DOC: cymru cap parser: document parsing of new format

Sebastian Wagner · Sebastian Wagner · commit 156186ddb622 · 2021-03-12T14:05:12.000+01:00
diff --git a/intelmq/bots/parsers/cymru/parser_cap_program.py b/intelmq/bots/parsers/cymru/parser_cap_program.py
@@ -228,6 +228,24 @@ def parse_line_old(self, line, report):
         yield event
 
     def parse_line_new(self, line, report):
+        """
+        The format is two following:
+        category|address|asn|timestamp|optional_information|asninfo
+        Therefore very similar to CSV, just with the pipe as separator
+        category: the type (resulting in classification.*) and optional_information needs to be parsed differently per category
+        address: source.ip
+        asn: source.asn
+        timestamp: time.source
+        optional_information: needs special care.

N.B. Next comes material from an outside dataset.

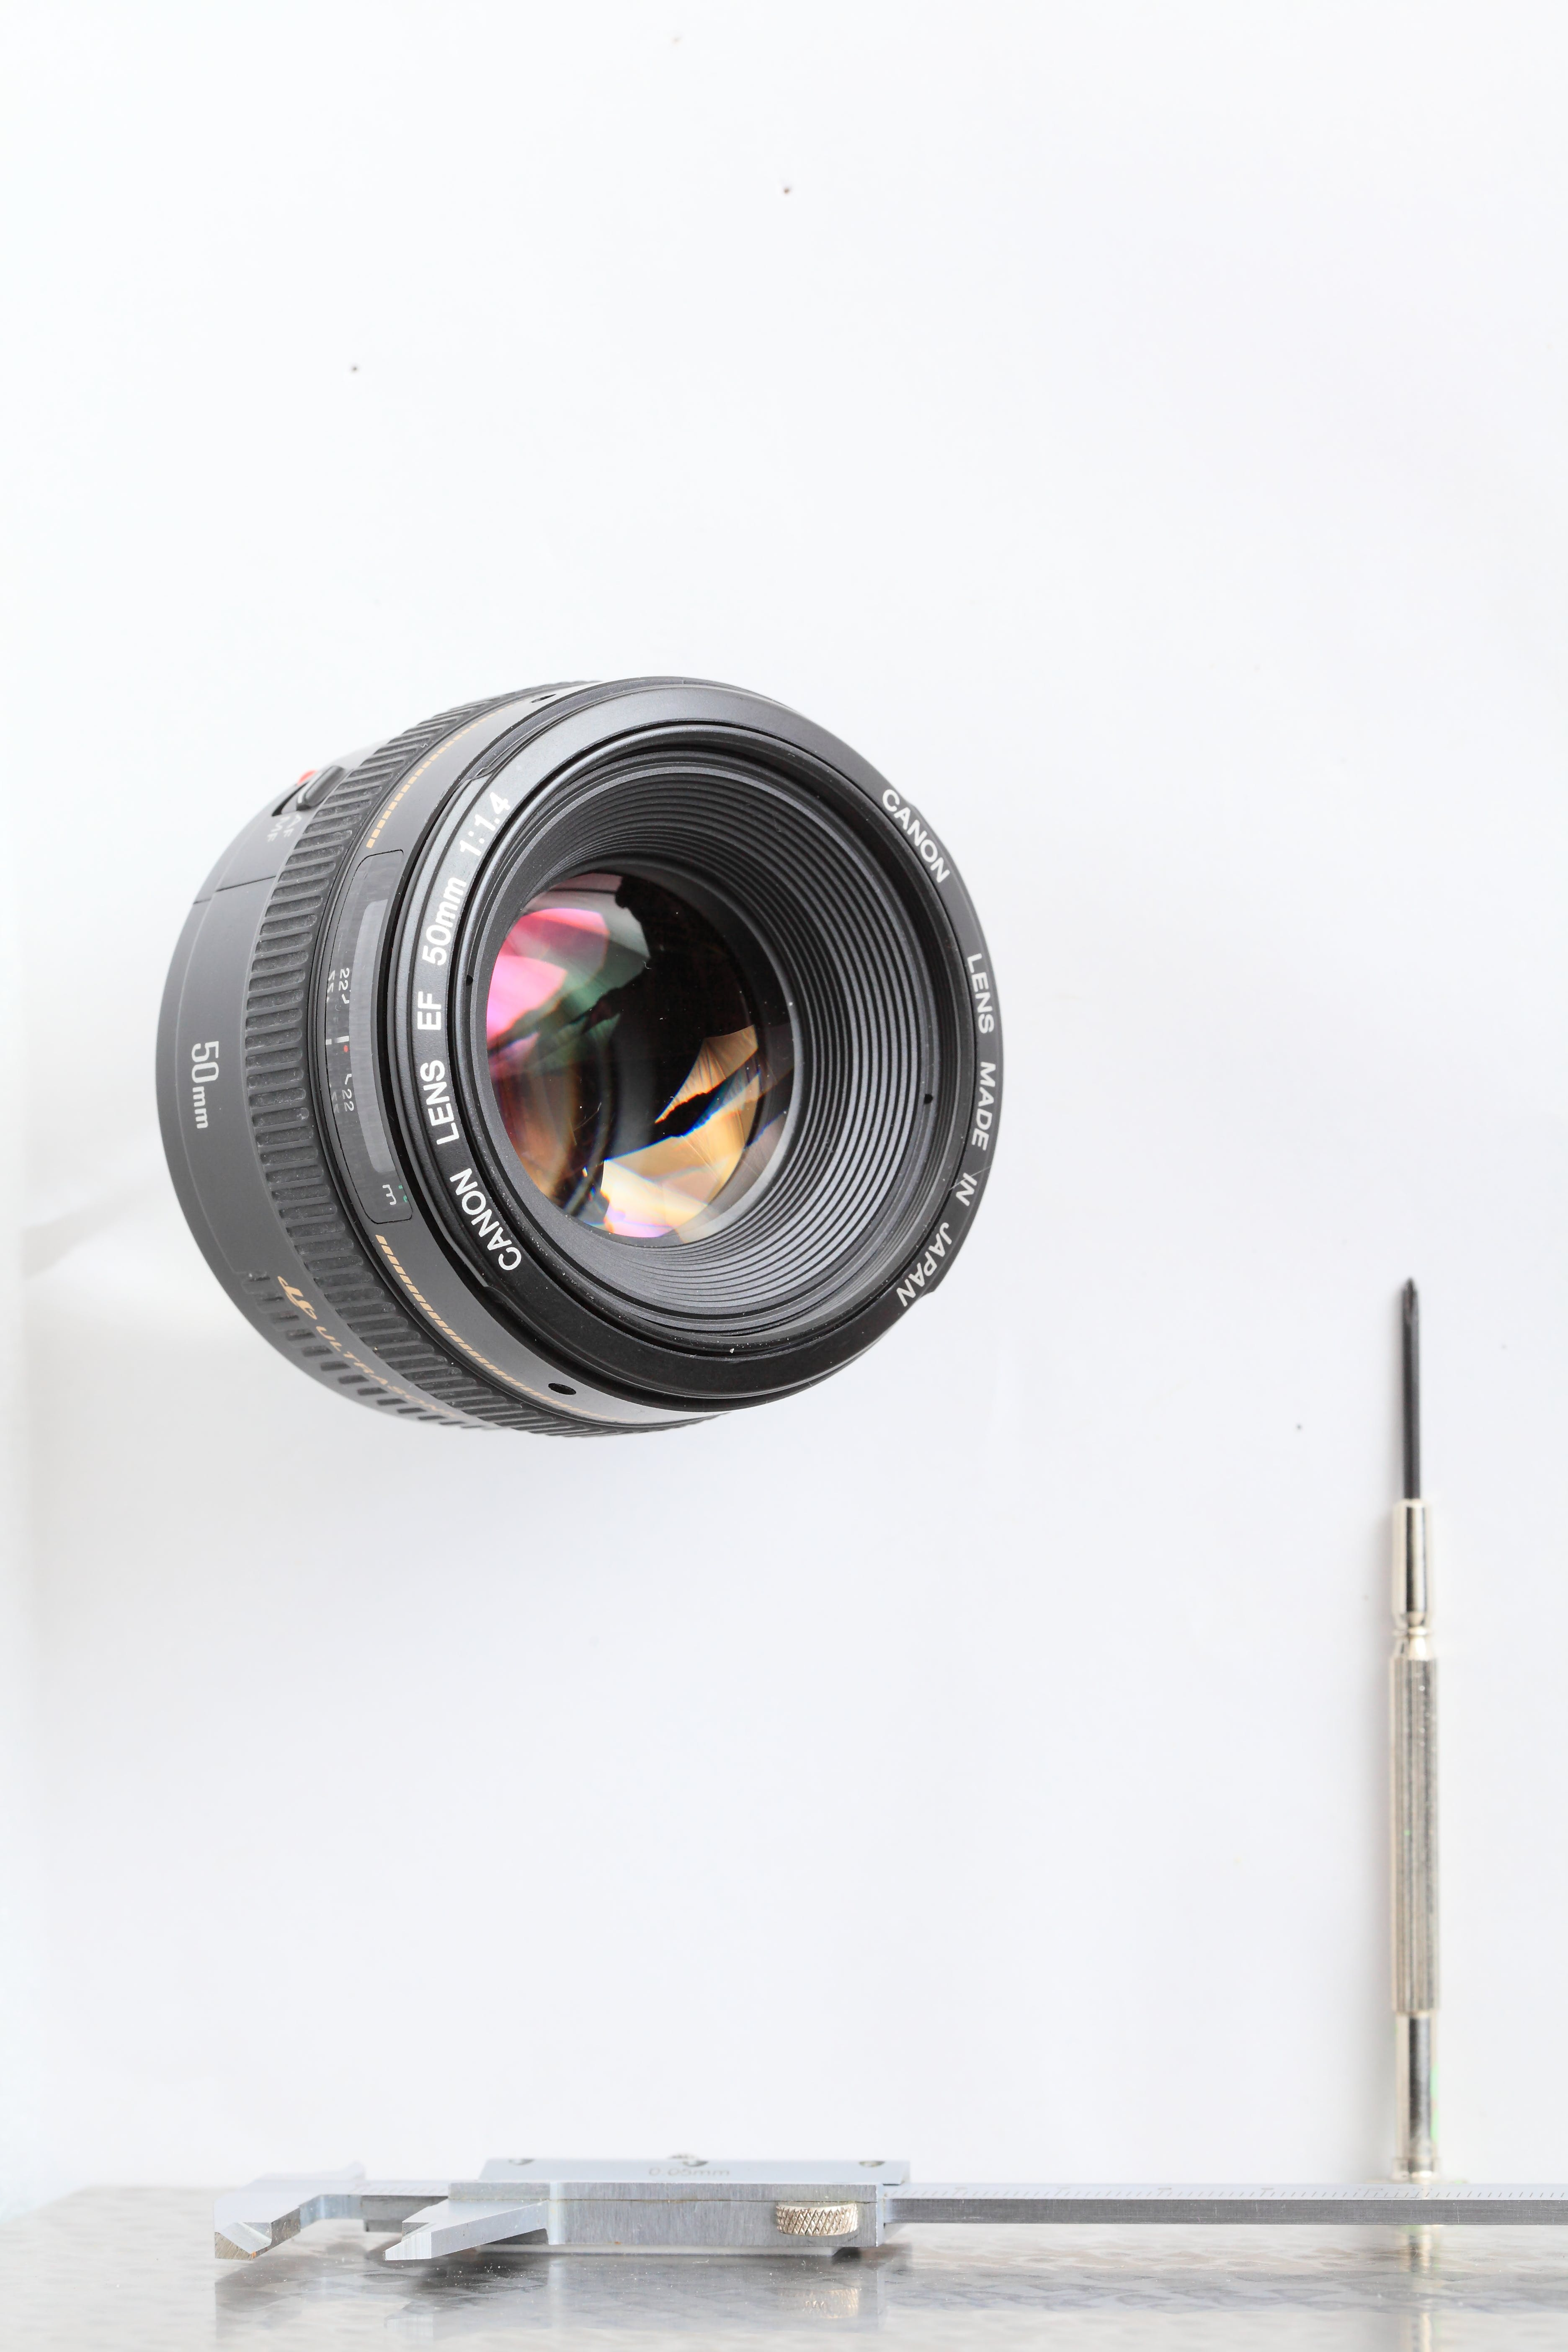 Free stock photo of lens, white, canon, driver

+            For some categories it needs parsing, as it contains a mapping of keys to values, whereas the meaning of the keys can differ between the categories
+            For categories in MAPING_COMMENT, this field only contains one value.
+            For the category 'bruteforce' *both* situations apply.
+            Previously, the bruteforce events only had the protocol in the comment,
+            while most other categories had a mapping. Now, the bruteforce categories also uses
+            the type-value syntax. So we need to support both formats, the old and the new.
+            See also https://github.com/certtools/intelmq/issues/1794
+        asninfo: source.as_name
+        """
         category, ip, asn, timestamp, notes, asninfo = line.split('|')
 
         # to detect bogous lines like 'hostname: sub.example.comport: 80'